What this man described were textbook symptoms of depression rooted in complicated grief: the helplessness, the loss of ease in things that used to come naturally, the exhaustion that no amount of sleep resolves. Four months of these symptoms is a clear clinical signal, not a phase to push through quietly.
He was pushing through quietly for a reason. He saw himself as the one holding the family together: for his younger siblings, for his father, for his wife. Strength, to him, meant never visibly breaking. So he never let himself mourn. He postponed his own grief to steady everyone else’s world. What looked from the outside like spiritual decline was a man who had simply never been given the space to grieve his own mother.
What the Healing Process Actually Looked Like
There is no single intervention for this kind of grief. What helped was three things, working together.
1. A Room Without Judgment
Most of the first session, he spoke and I listened.
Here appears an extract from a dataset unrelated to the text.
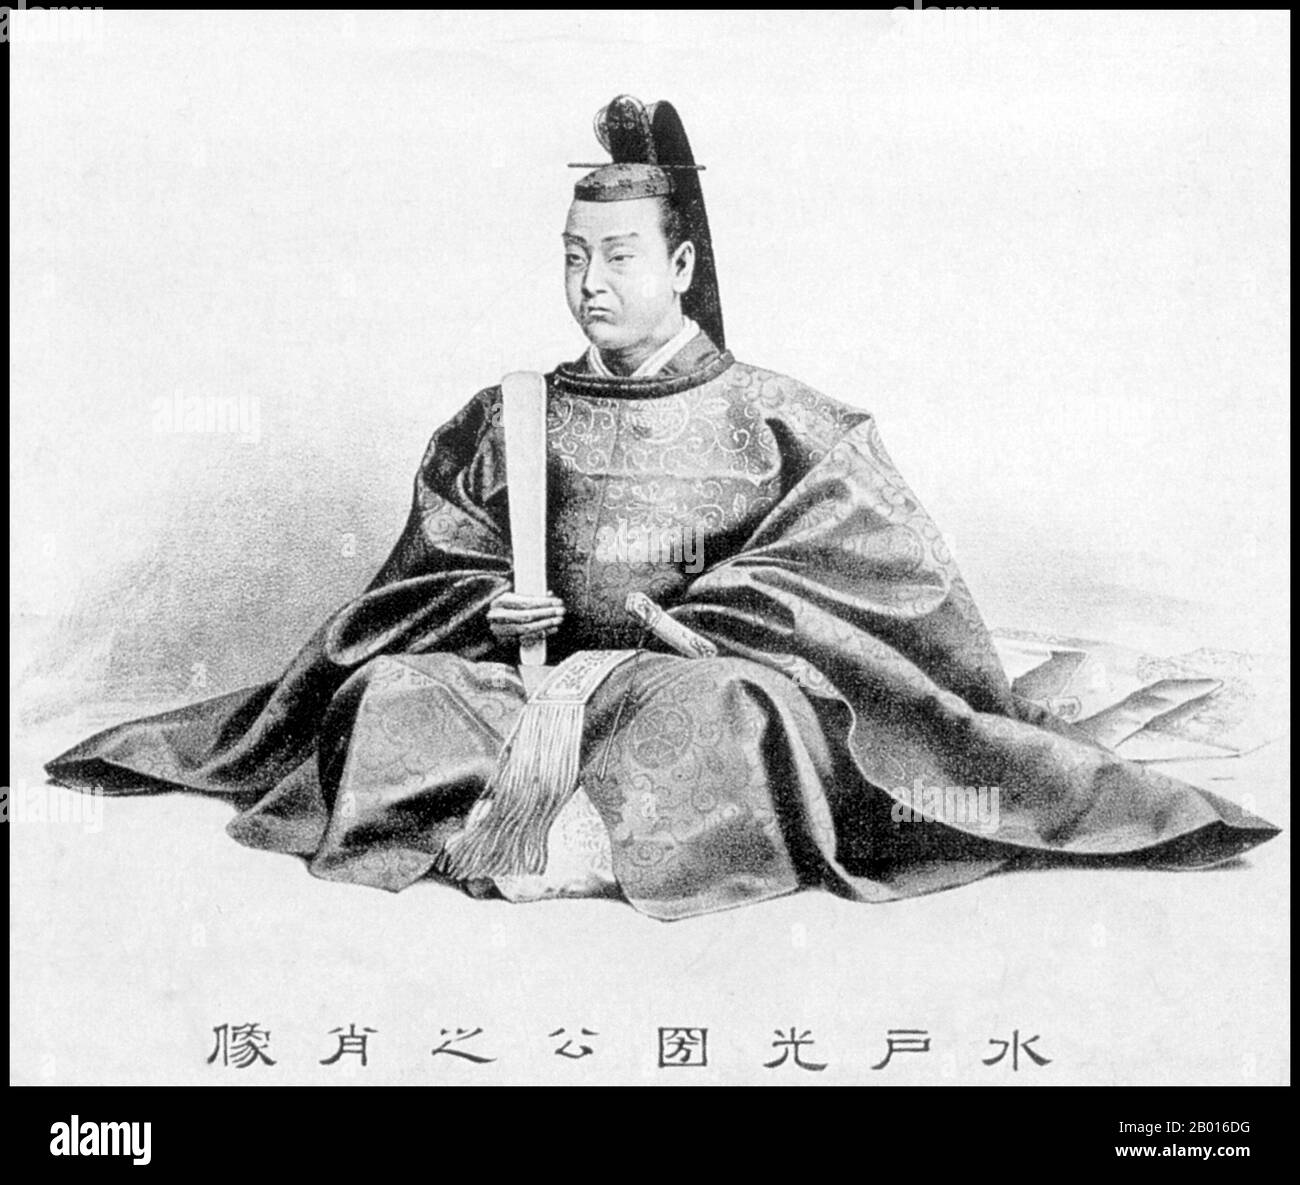 Japan: Tokugawa Mitsukini (11. Juli 1628 - 14. Januar 1701), Daimyo von Mito (r. 1661-1691). Illustration, c. Ende des 19. Jahrhunderts. Tokugawa Mitsukuni, auch bekannt als Mito Komon und geborener Chomaru, war ein wichtiger Daimyo, der für seinen Einfluss in der Politik der frühen Edo-Zeit bekannt war. Als dritter Sohn von Tokugawa Yorifusa (der wiederum der elfte Sohn von Shogun Tokugawa Ieyasu war) folgte ihm Mitsukuni auf, der zweite Daimyo der Mito-Domäne zu werden. Er war für die Zusammenstellung von Gelehrten verantwortlich, um eine präzise Aufzeichnung der japanischen Geschichte zu erstellen, die „Dai Nihonshi“ genannt wurde. Er wird als Kami verehrt. Stockfoto

People carrying this kind of weight rarely need to be told what to do first. They need a space where they can lower their guard completely, where nothing they say will be judged, and where they are not managing anyone else’s reaction while they speak. By the end of that first conversation, he described genuine relief, the kind that comes from finally making sense of what had felt senseless.
2. The Body, Not Just the Mind
He had stopped going to the gym entirely since his mother’s illness. This is consistently underestimated in conversations about grief and mental health. Physical movement regulates mood at a neurochemical level. In his case it carried additional urgency: his doctor had flagged weight gain and rising blood sugar, with a family history of diabetes. Grief was not only sitting in his heart. It had settled into his body, and his body needed tending too.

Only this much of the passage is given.